## How to complete this task
The copy has to match the data exactly and leave out every picture.

## Dataset extract
● ● ● ●

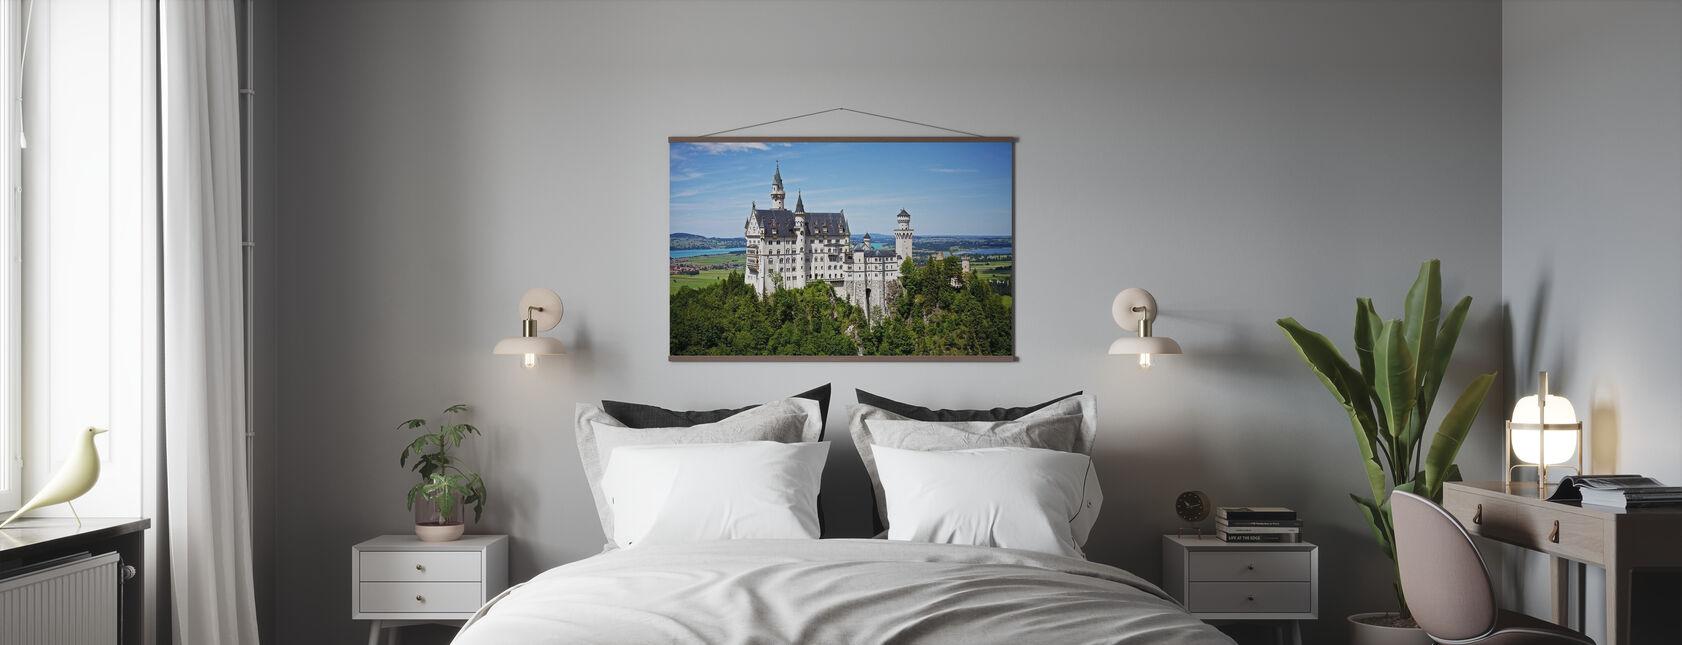 Schloss Neuschwanstein Disney - Poster - Schlafzimmer
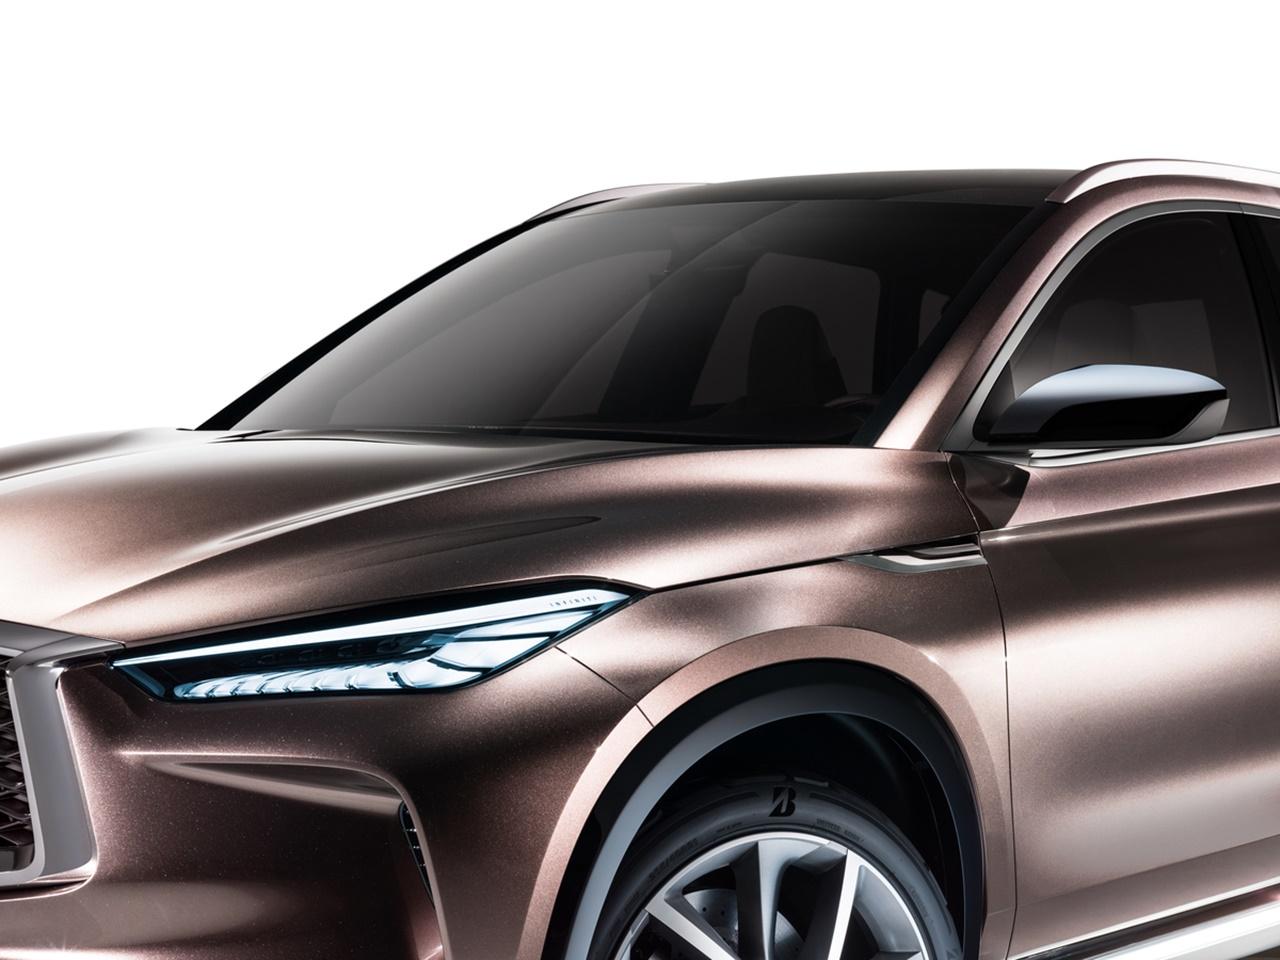 【デトロイトショー2017】日産が「インフィニティQX50コンセプト」を世界初披露 - infinitis-qx50-concept007
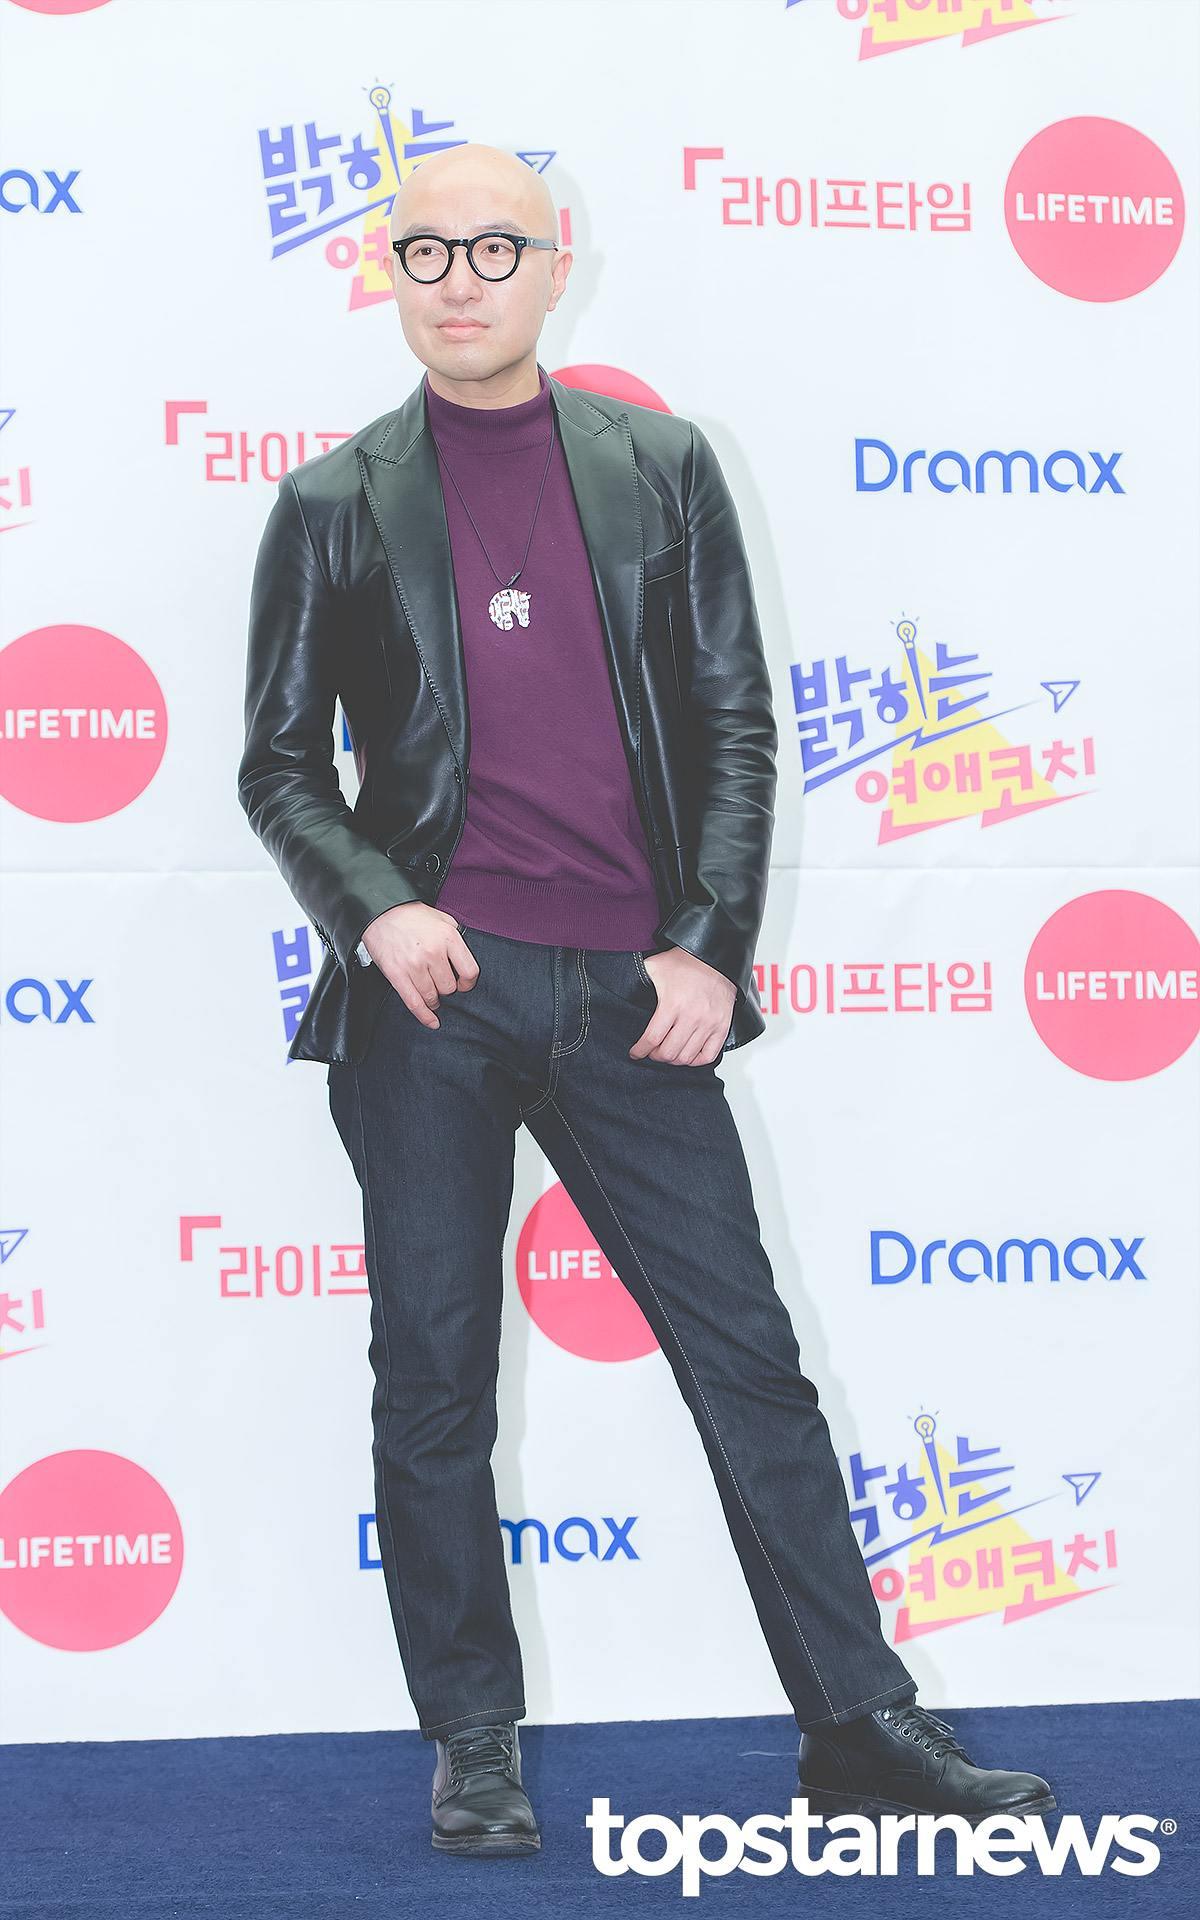 韓國藝人洪錫天是南韓演藝圈史上首位出櫃的男藝人,因為自身活潑開朗的個性,不僅活躍於各大綜藝節目,也是娛樂圈裡公認的人脈王!除此之外,目前他還擁有11家餐廳,將餐飲副業發展得相當成功。
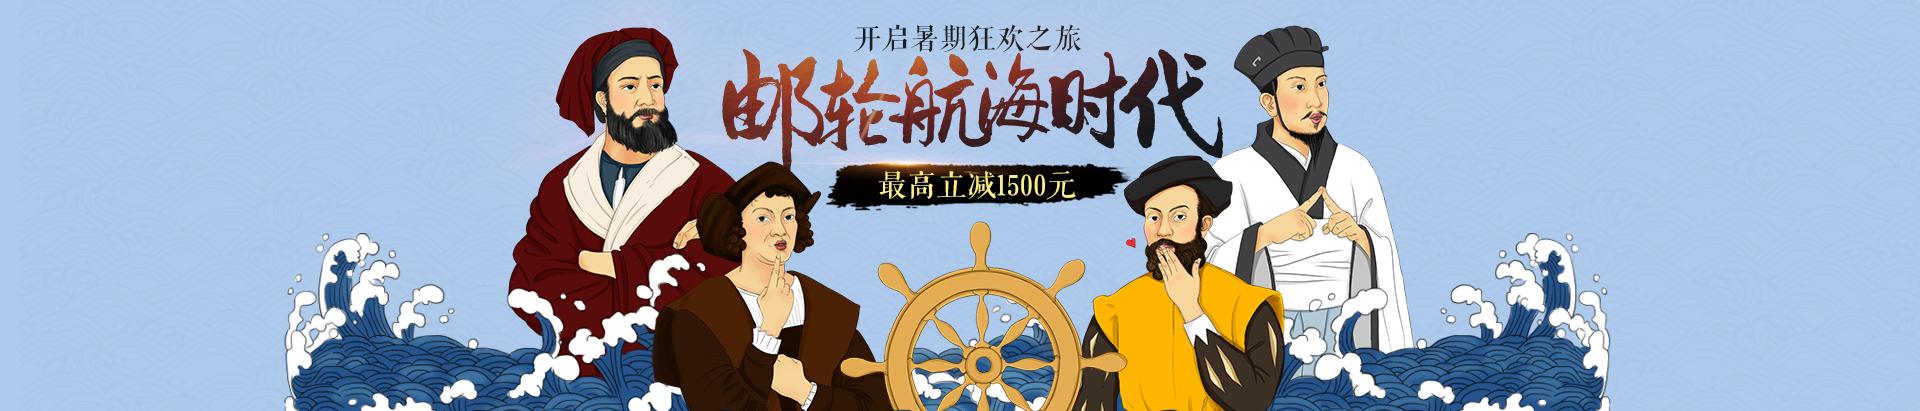 航海时代,

● ● ● ●

## Problem solution
 Schloss Neuschwanstein Disney - Poster - Schlafzimmer
 【デトロイトショー2017】日産が「インフィニティQX50コンセプト」を世界初披露 - infinitis-qx50-concept007
 韓國藝人洪錫天是南韓演藝圈史上首位出櫃的男藝人,因為自身活潑開朗的個性,不僅活躍於各大綜藝節目,也是娛樂圈裡公認的人脈王!除此之外,目前他還擁有11家餐廳,將餐飲副業發展得相當成功。
 航海时代,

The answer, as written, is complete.